苏洵转过身来,看着他,说道:“还有一件事——证人虽死,但李尚书的案子,不会就这么算了。太子这边,已经有人在暗中搜集证据,想要翻案。此事凶险,稍有不慎,便会引火烧身。你如今与我来往,也要万分小心,切莫让人察觉。”

林砚之心中一凛,说道:“苏大人放心,晚辈省得。”

苏洵点了点头,从袖中取出一块玉牌,递给林砚之,说道:“这是我的信物,你收好。日后若有急事,可持此玉牌,去城东的‘雅集书肆’,找一个叫陆明的人。他会帮你传信给我。”

林砚之双手接过玉牌,仔细收好。玉牌不大,温润细腻,上面刻着一个“苏”字。

苏洵又叮嘱了几句,便让他离开了。林砚之悄悄离开醉仙楼,沿着来时的路,小心翼翼地返回书坊。

夜风微凉,吹在身上,却驱不散他心中的火热。他知道,今夜之后,他的命运,将彻底改变。他不再只是一个寒门秀才,不再是抄书先生,而是踏入了那个波诡云谲的朝堂之争,成为了太子一党的人。

这条路,凶险万分,却也充满机遇。

他想起苏洵最后说的那句话:“太子胜,你或许能飞黄腾达;太子败,你便是万劫不复。”

他抬起头,看着夜空中稀疏的星辰,喃喃自语:“既然选择了这条路,那便只有走下去,走到尽头,走到天亮。”

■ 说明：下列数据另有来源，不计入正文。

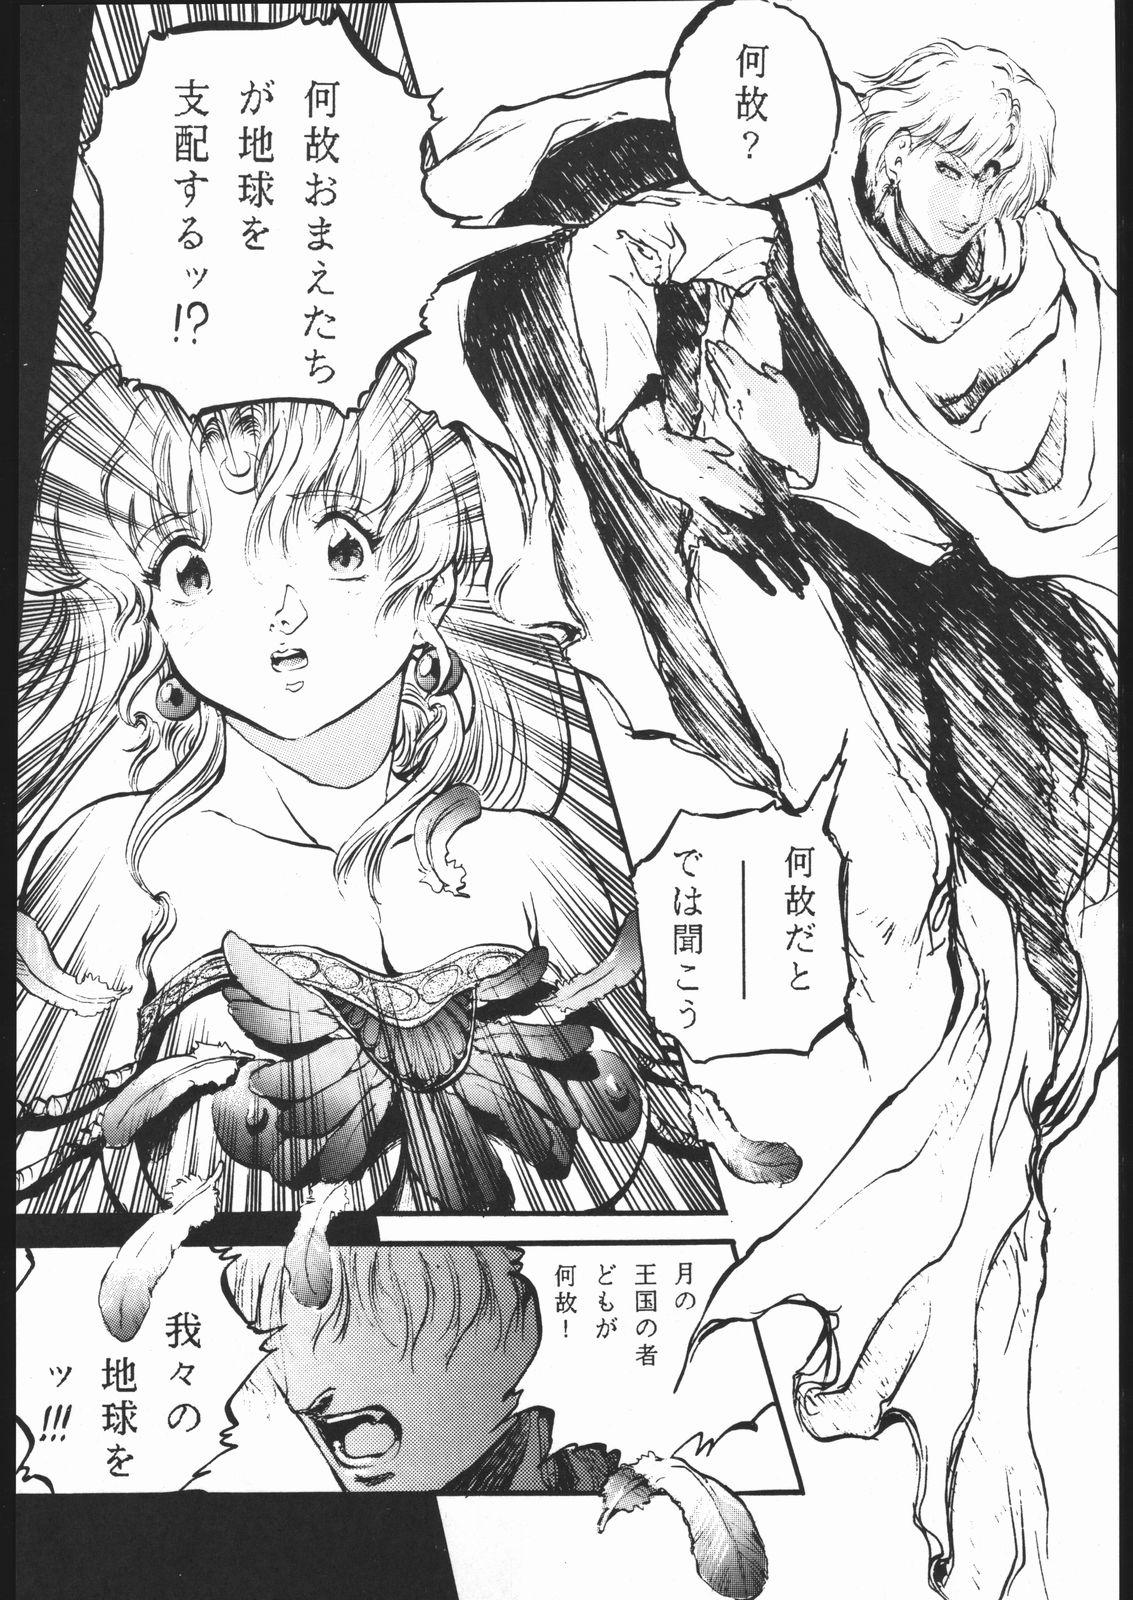 Rough Sex Porn KATZE 8 - Sailor moon Tenchi muyo Ghost sweeper mikami Giant robo Victory gundam Food - Page 7
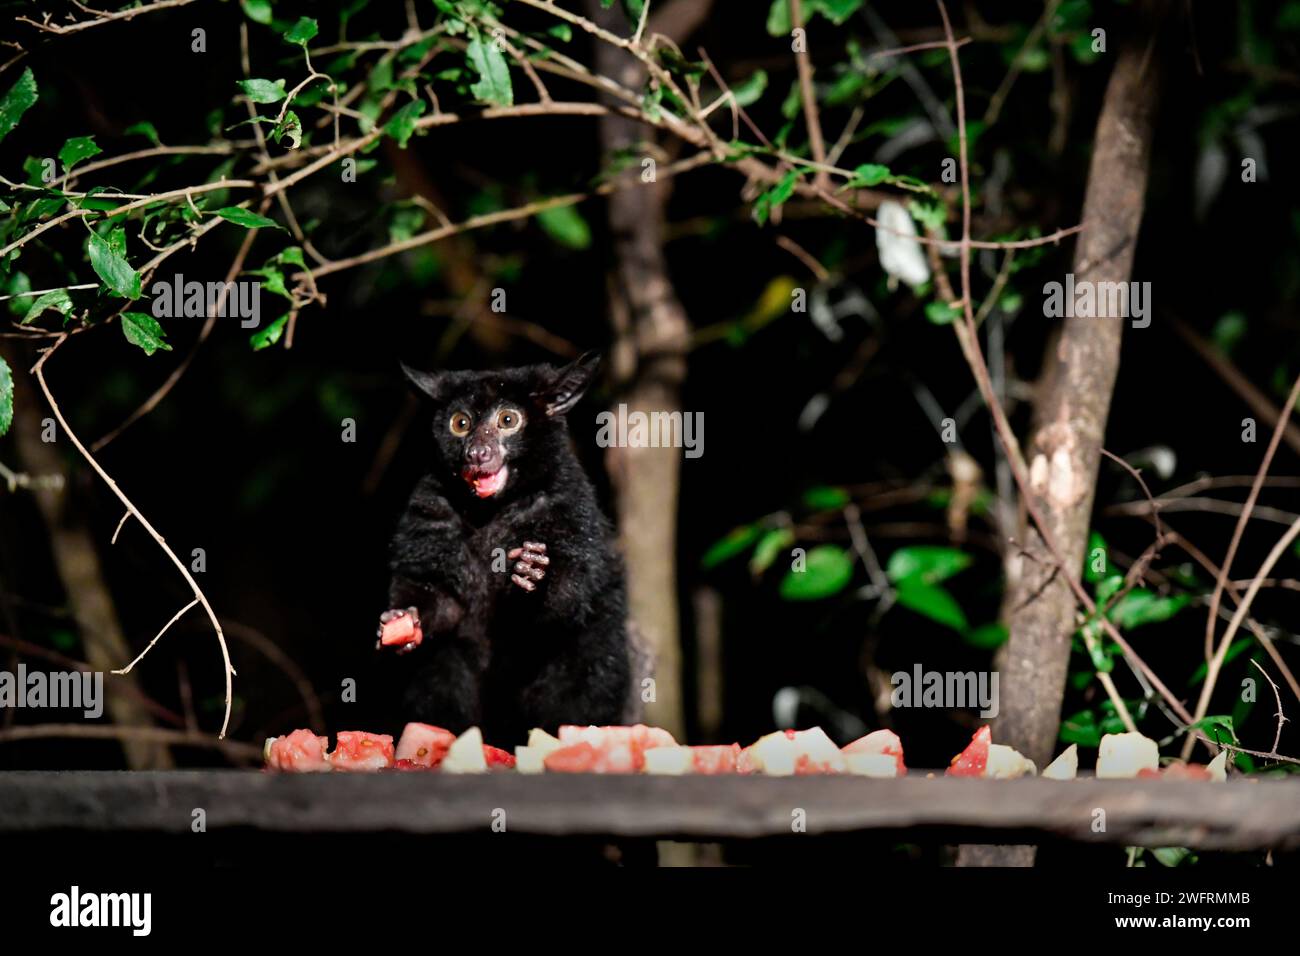 Bush baby in the night of Africa Stock Photo

回到书坊,林砚之轻轻推开房门,没有点灯,就那样在黑暗中坐了很久。

他摸了摸怀里的玉牌,冰冷的触感,让他愈发清醒。他知道,从今往后,他要更加小心,更加谨慎。一举一动,一言一行,都可能被人盯上,都可能成为别人攻击的把柄。

但他不怕。

他来自后世,知道历史的风向,知道这场夺嫡之争,最终是谁胜出。他只需要在那之前,积蓄力量,保全自己,等待时机。

窗外,天色渐渐泛白,新的一天即将开始。

林砚之站起身来,走到书桌前,点亮油灯,摊开书籍,开始新一天的晨读。他的声音低沉而平稳,仿佛什么都没有发生过。

只是,在他心底,一团火焰,已经悄然燃起。

接下来的日子,表面上一如往常。林砚之依旧每日抄书、读书,偶尔与周文等人聊聊学问,偶尔去街市上逛逛,听听市井传闻。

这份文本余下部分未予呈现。